What Were Some of the Public Works of Mesopotamia?
Some Mesopotamian public works included sewer drainage systems, public baths, private baths and wells. Other public works included city walls, royal palaces and stepped temples called ziggurats.
Mesopotamia used a basin-type irrigation system to manage water flow from the Tigris and Euphrates Rivers and their tributaries. Gaps were dug in the embankment to open the basins and were filled with mud to close them. Bitumen was heavily used for both constructing and plugging irrigation systems. The Mesopotamian irrigation systems were destroyed by the Mongols who invaded in 1258. Palaces and mansions in Mesopotamia were equipped with bathrooms where residents could refresh their skin by splashing themselves with water or anoint themselves with oil. Common citizens bathed in courtyard cisterns or on the banks of canals.

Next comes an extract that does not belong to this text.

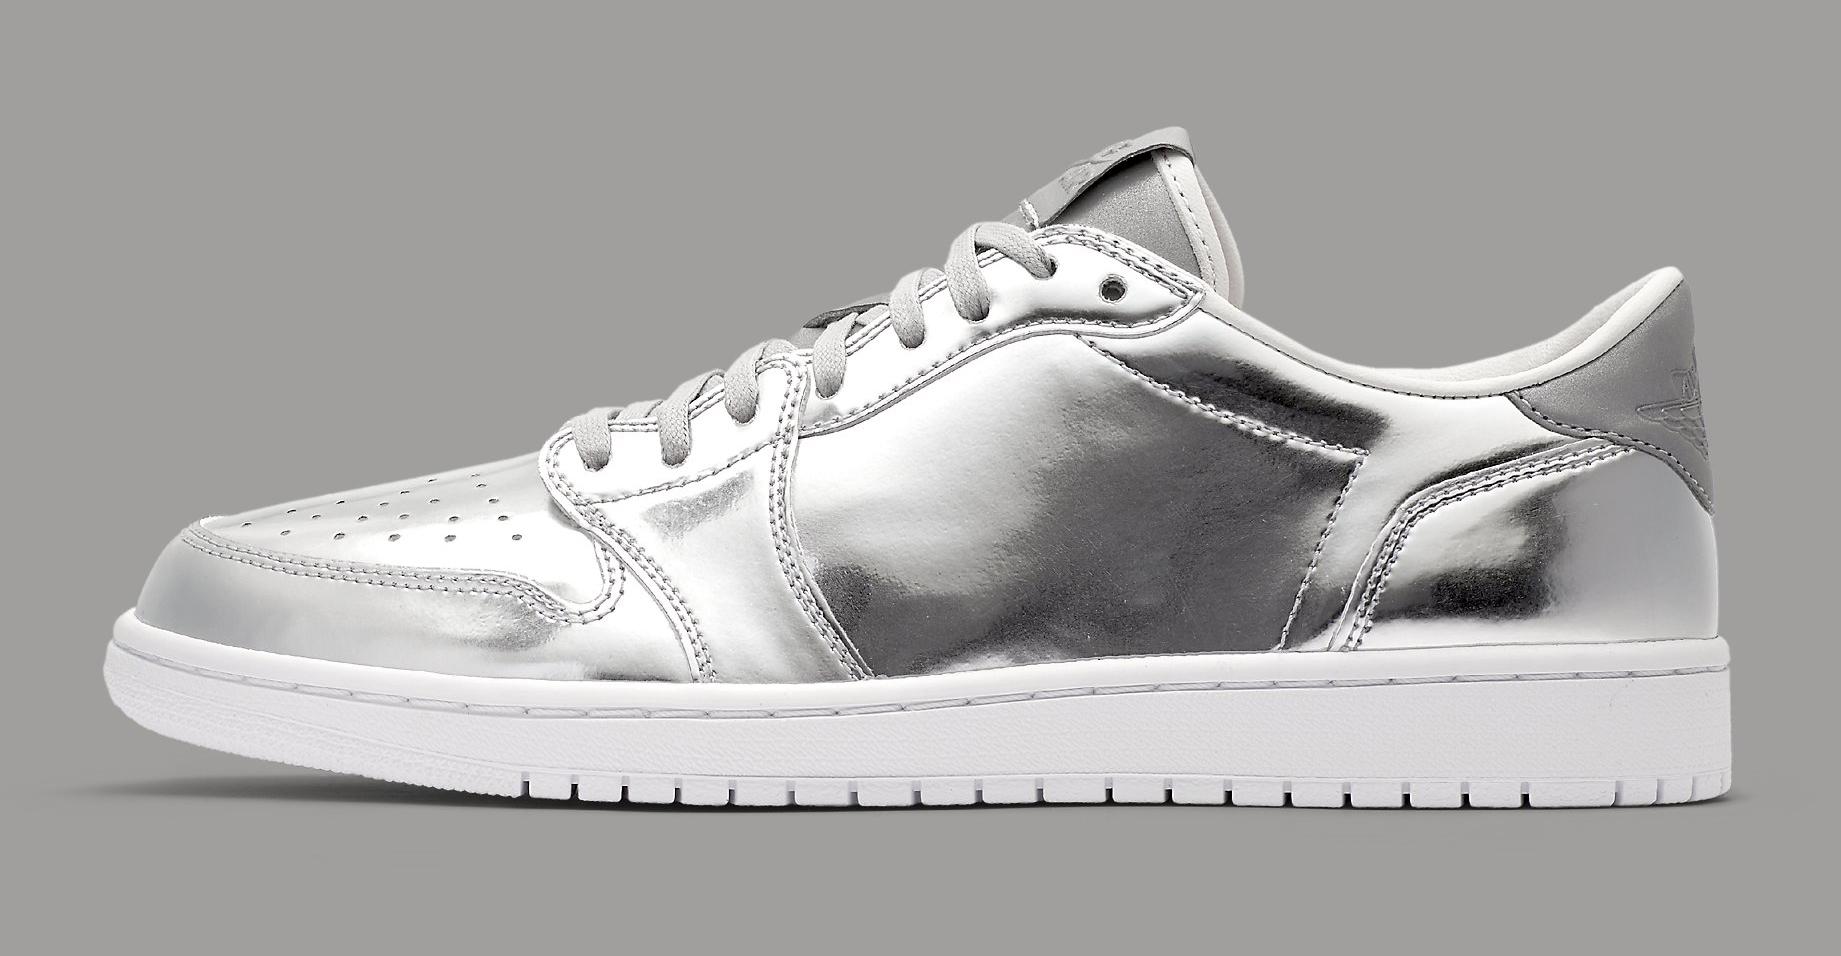 65a2383317c0b3 Pinnacle Air Jordan 1 Low Silver Release Date
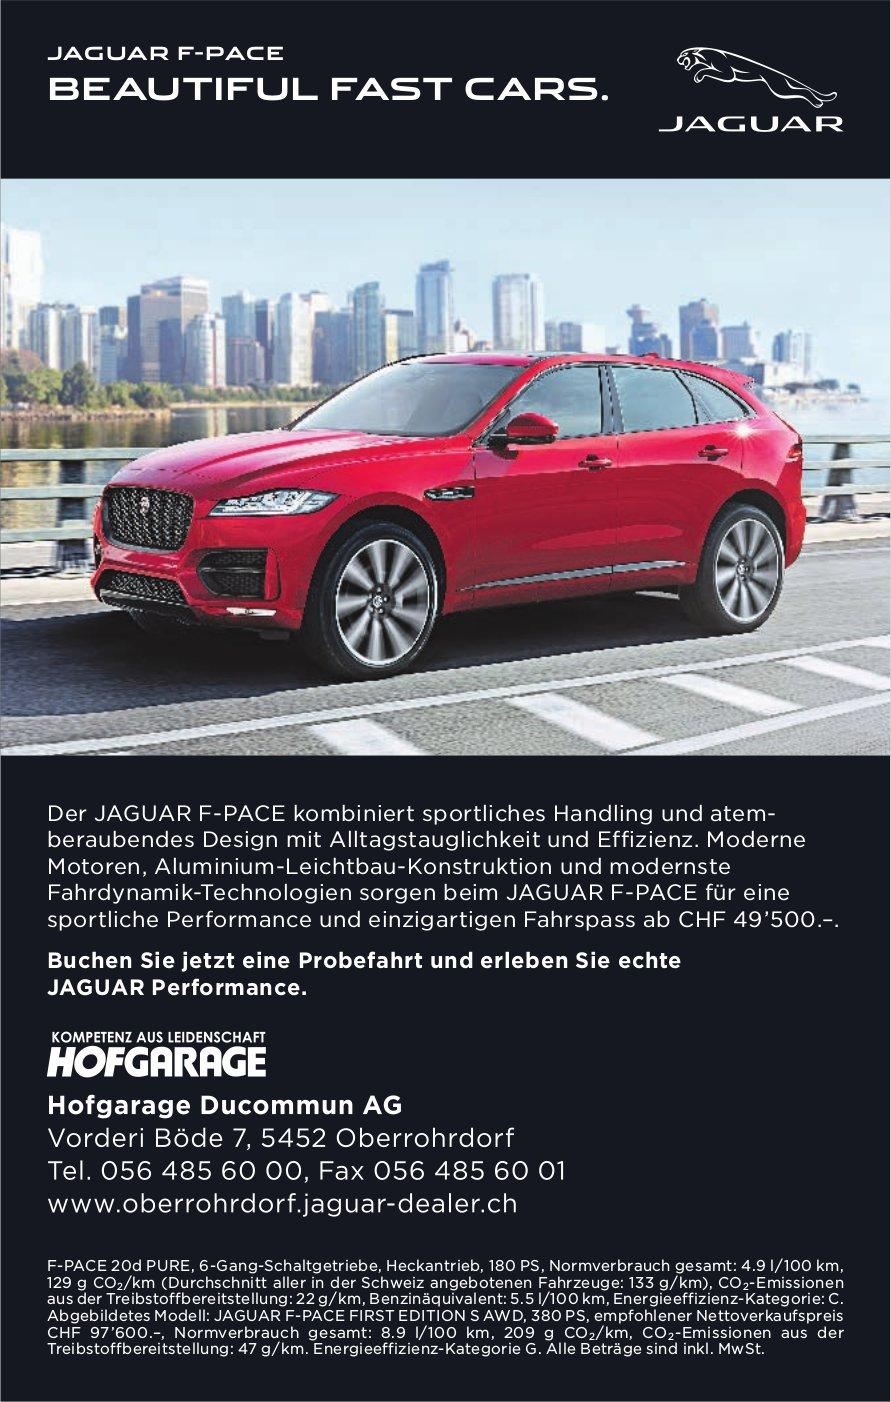 Hofgarage Ducommun AG - JAGUAR F-PACE: BEAUTIFUL FAST CARS.

The Sumerian priests of Mesopotamia developed a numerical notation system to help with planning the region’s vast public works system. The system was based on the number 60 and gives us the 60-second minute and the 60-minute hour.
In addition to a great deal of planning, the building of public works also required extensive labor. The workforce came from a corvée, which was a type of forced labor imposed on the heads of households as a kind of tax. These forced laborers worked government-owned fields, built dwellings, dug irrigation systems and built defense systems such as city walls.